ONC201 sensitized cancer cells to mTOR (mechanistic target of rapomycin) inhibition, a downstream effector of PI3K/AKT, leading to increased TRAIL receptor DR5 expression, as well as activation of caspase-8.12 These effects were at least partly reversible when the TRAIL receptor was sequestered, caspase-8 activation was inhibited, or when mTOR was degraded.10 Experimental and computational approaches confirmed that ONC201 synergizes with MAPK and AKT inhibition.13,14
However, the mechanistic primacy of TRAIL receptor activation by imipridones was quickly called into doubt. Activation of non-TRAIL-related pathways was observed, including those related to mitochondrial apoptosis, such as mitochondrial respiration machinery failure, oxidative phosphorylation-related gene suppression and structural damage, as well as poly-ADP-ribose polymerase (PARP) cleavage.12,13,15 More bioavailable and potent analogues of ONC201 made it even clearer that imipridones were poor activators of TRAIL, with highly variable activation of caspases and DR5.16 TRAIL receptor activation has therefore fallen out of favour as anything more than a downstream or overlapping effect of other mechanisms.

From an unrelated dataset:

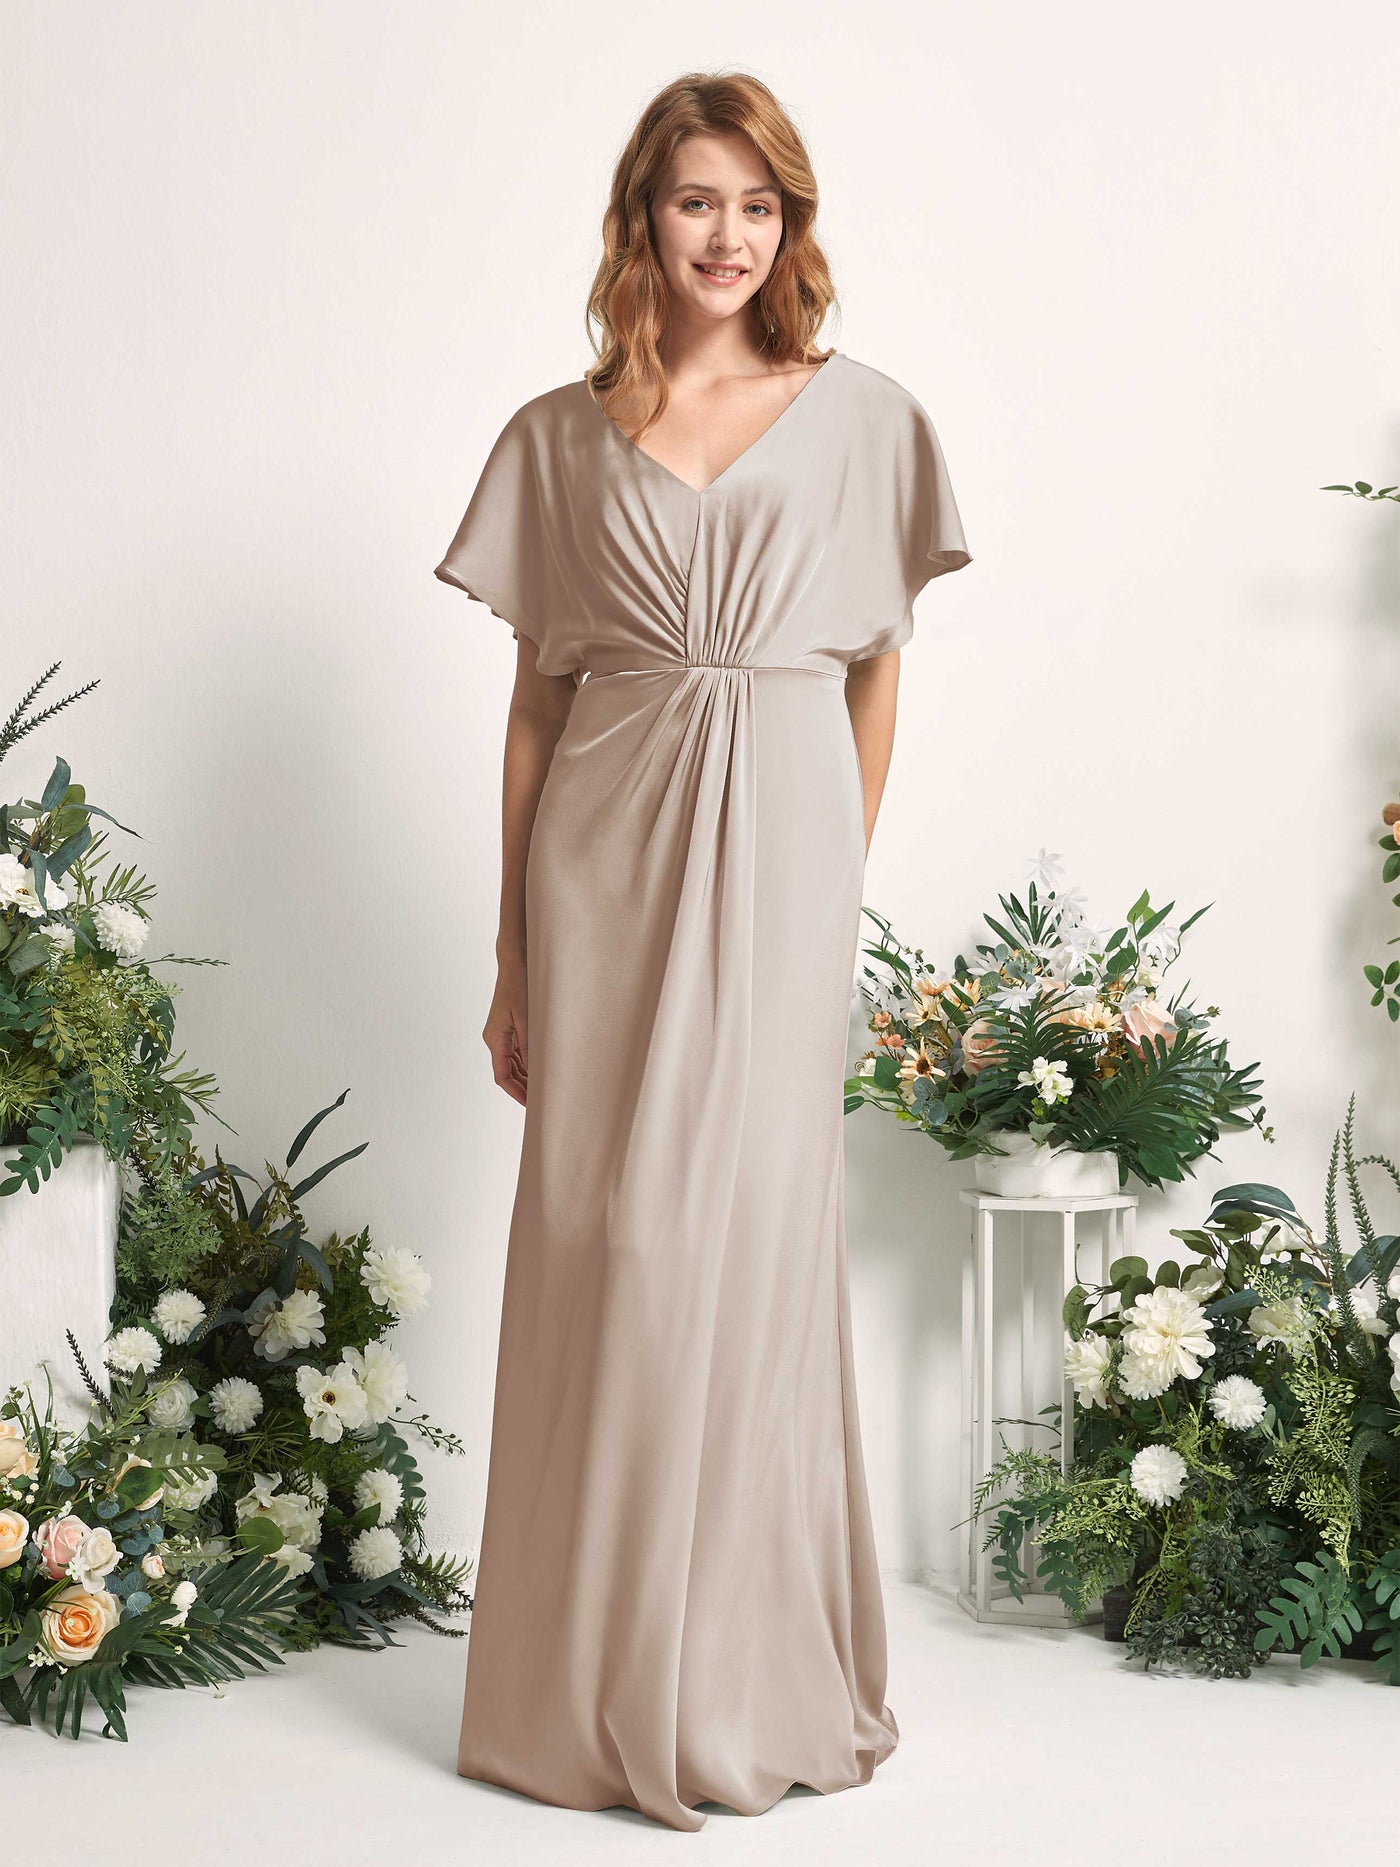 Taupe Bridesmaid Dresses Bridesmaid Dress A-line Satin V-neck Full Length Short Sleeves Wedding Party Dress (80225502)#color_taupe

The reputation: Antagonism of the dopamine receptor D2 pathway
Dopamine is a catecholamine neurotransmitter whose function ranges from voluntary movement to reward behaviour and other neurological functions.17 Dopamine-related signalling occurs through two groups of G-protein-coupled receptors: the D1-like receptors, comprised of dopamine receptor D1 and dopamine receptor D5 (DRD5), which activate adenylyl cyclase, and the D2-like receptors, comprised of dopamine receptor D2 (DRD2), dopamine receptor D3 and dopamine receptor D4, which inhibit adenylyl cyclase. Though beyond the scope of this review, a link between dopamine and cancer has been posited for decades, stemming from observations of an inverse linkage between Parkinson’s disease (a dopamine-deficiency disorder) and cancer, as well as complex and conflicting relationships between cancer and the use of dopaminergic antipsychotics.18 This was further clarified in the molecular era when reviews of The Cancer Genome Atlas (TCGA) revealed broad DRD2 overexpression across a variety of tumour types, including the aggressive brain tumor glioblastoma (GBM), that correlated with poor prognosis.19
An unbiased drug screen, using a Bayesian design for drug-target prediction, initially discovered the link between DRD2 and ONC201.20 Integrating data about drug structure, function and receptor-interaction biology, the interaction was predicted in an unbiased approach by comparing with novel drug-receptor binding partners to established data about drugs with known targets and established interactions.20 This was confirmed experimentally, whereby GBM cell sensitivity to ONC201 is inversely correlated with DRD5 expression, a negative regulator of DRD2 activity.19 Radioligand binding studies subsequently demonstrated that ONC201 antagonizes DRD2 via allosteric changes at concentrations needed for anti-proliferative effects and in a dopamine-independent manner.21,22
The downstream consequences are several-fold. First, ONC201 disrupts DRD2 receptor engagement with scaffolding proteins, such as beta-arrestin, which inhibits pro-proliferative MAPK and PI3K/AKT signalling pathways, as well as a metabolic reprogramming that suppresses glycolysis and oxidative phosphorylation.21,23,24 Second, because DRD2 normally suppresses adenylyl cyclase levels, ONC201 raises cyclic adenosine monophosphate (cAMP) levels and leads to increases in pro-apoptotic, cAMP-responsive factors, including activating transcription factor 4 (ATF4) and C/EBP homologous protein (CHOP).21 Finally, DRD2 has been shown to activate MET to promote GBM stem-like cell growth.25 Interestingly, ONC201 may have additional effects on the tumour microenvironment, in which GBM-co-cultured monocyte-derived macrophages make an inflammatory switch to a pro-inflammatory state in the presence of ONC201, but whether this is a direct effect of ONC201 or an interaction with GBM cells is not fully elucidated.26
Though DRD2 antagonism is an established mechanism of action for imipridones, it again does not appear to be the dominant mechanism, in large part due to observations of loss of mitochondrial integrity and function, which has no established link to DRD2 signalling. Furthermore, pharmacological inhibition and genetic knockout of DRD2 did not fully abrogate ONC201, recapitulating its known cytotoxic effects.27 While imipridones are still associated with DRD2 antagonism, a third, more prominent mechanism has emerged.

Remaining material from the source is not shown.